Welcome to Mindfulness Newlyn’s First Newsletter.

I hope that everyone is safe and well.

I thought I would introduce myself in my first newsletter and tell you a bit about myself and how I have managed during these times of uncertainties with ongoing changes.

Although I work full time I realised that many around me were anxious and concerned about how everything was going to affect them during the pandemic; this is what struck me before the initial lockdown.

I reflected about my neighbours for which many are retired and elderly; my thoughts were if my colleagues and friends are anxious then my neighbours are probably feeling very vulnerable with many not being as physically active as they once were.

Whilst at home this prompted me to set up a community network incorporating 206 homes and introduced my neighbours to each other for support such as phone calls, picking up groceries and possibly a phone call to their allocated neighbour who required it.

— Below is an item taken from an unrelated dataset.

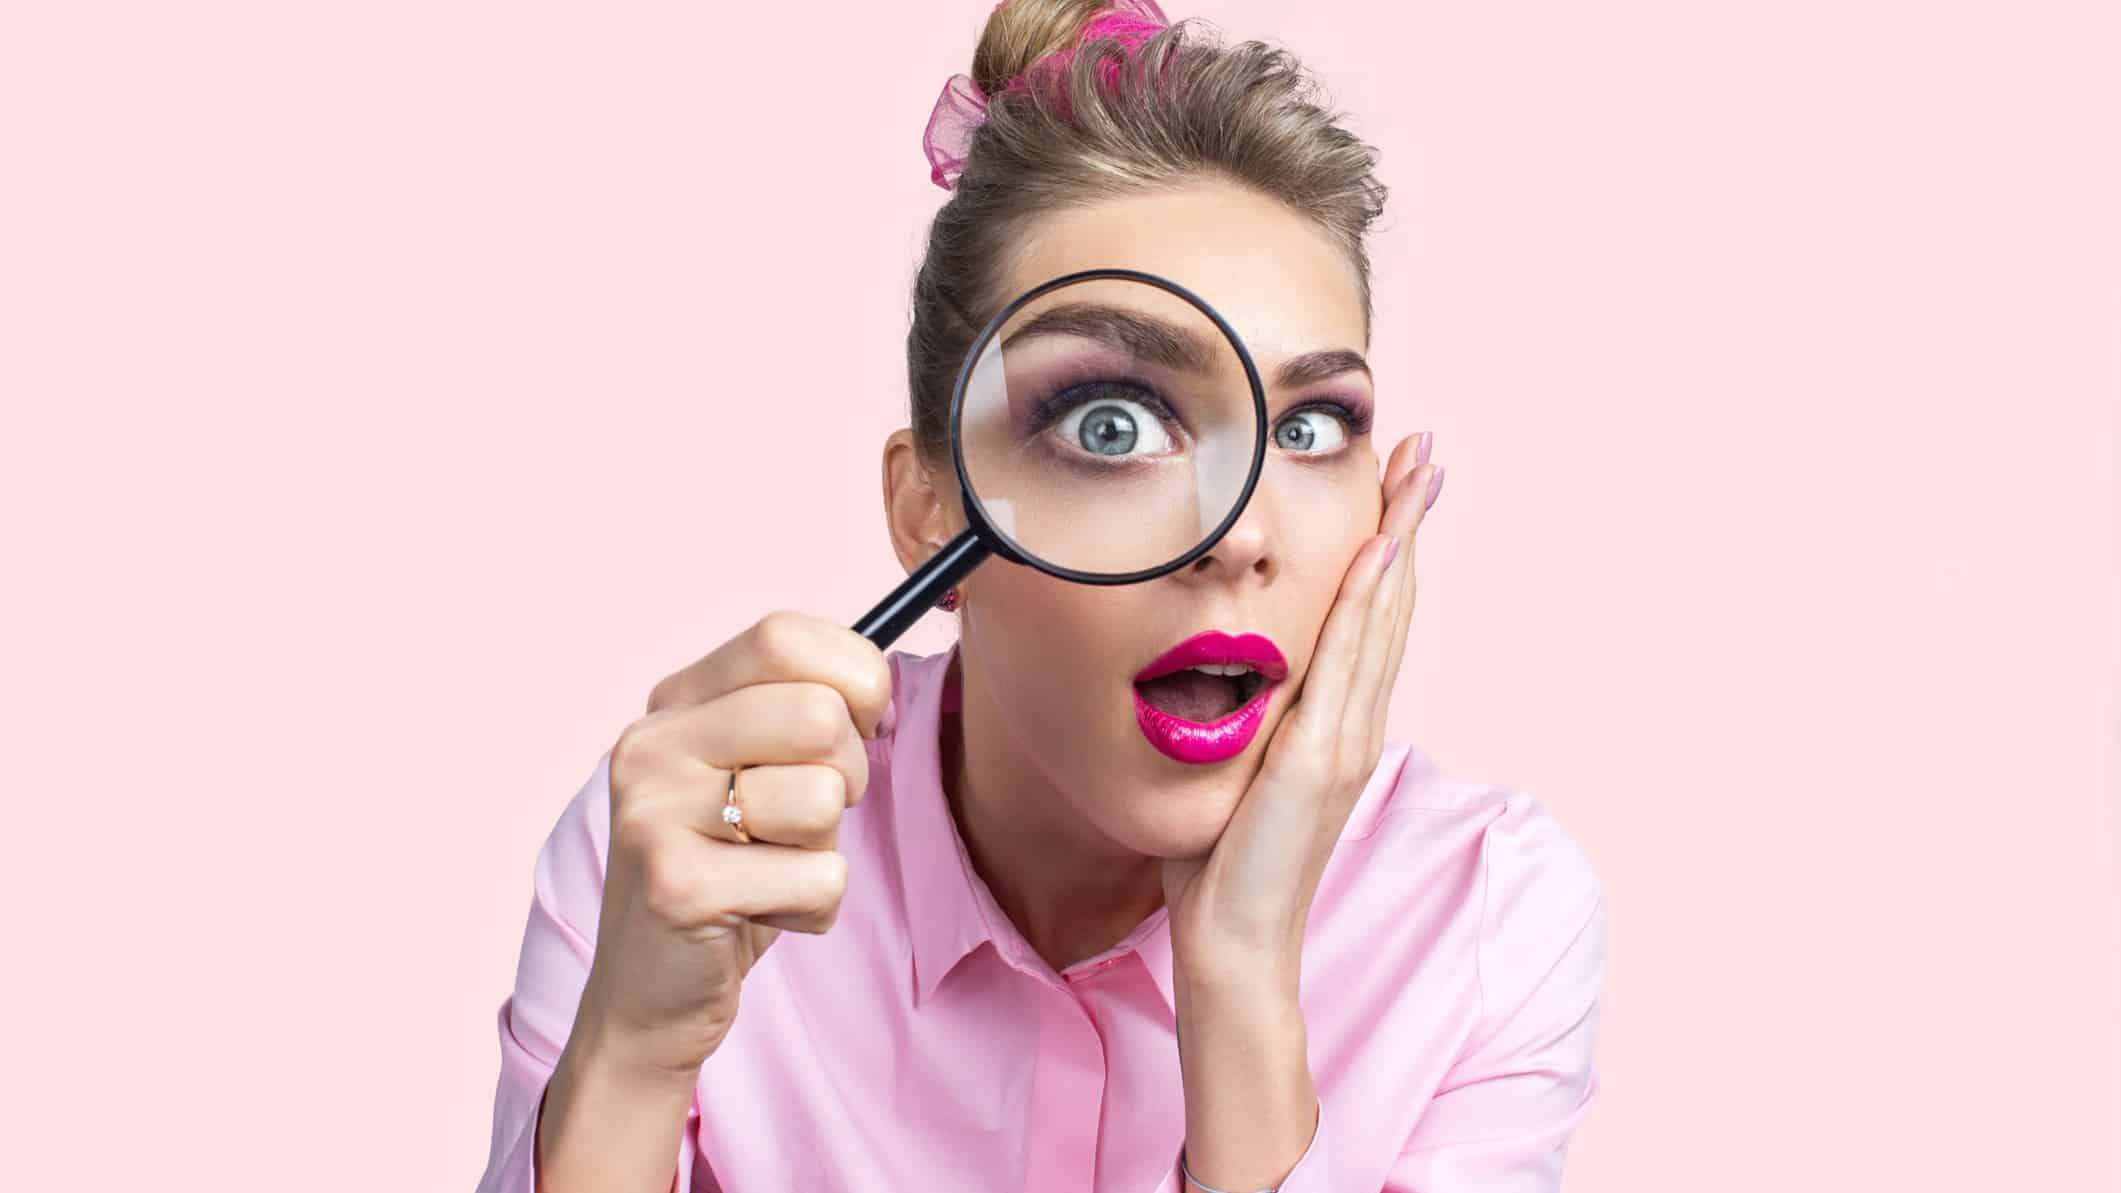 A female ASX investor looks through a magnifying glass that enlarges her eye and holds her hand to her face with her mouth open as if looking at something of great interest or surprise.

I offered free mindfulness sessions to all my neighbours in my back garden, for which some were keen to trial giving very positive feedback of how beneficial they found it, which made me content that I was doing something of great value.

It was purely coincidental that before the initial lockdown I had booked onto a Mindfulness Teacher training course; something that I felt that I had practiced since I was young without really realising it – growing up spending nearly all of my time in nature in the woods or on the beach with a group of close friends who many I still keep in close contact with today. Walking along the coast observing the seasons and how nature corresponded with the different elements, noticing the flowers, buds, smells of the sea, hearing the birds sing, tasting foods that I foraged from the hedgerows, and generally noticing how the different seasons affected my skin and hair and how much better I felt when the sun shone – although there is something of beauty to find in everything!

My background I felt personally made me more resilient and positive to accept change and to see good and kindness in others; the course was something I thought would be great to share with others to help their wellbeing to tackle what life throws at them – it is not always easy and it is not a therapy but a way of life to help you live in the present with full awareness. It might be difficult for some to clear their thoughts and this is where meditation can really benefit the more it is practised, at first I used to fall asleep as I found it so relaxing, but now I have learnt to fall awake and to be totally present noticing any discomforts or thoughts without judging and letting go. ????

Mindfulness practice has had a lot of research around it and although there is no fast cure for many mental health concerns, it clearly can help especially the more you practice whether it is for depression, anxiety, paranoia, sleep, eating disorders, stress or pure relaxation!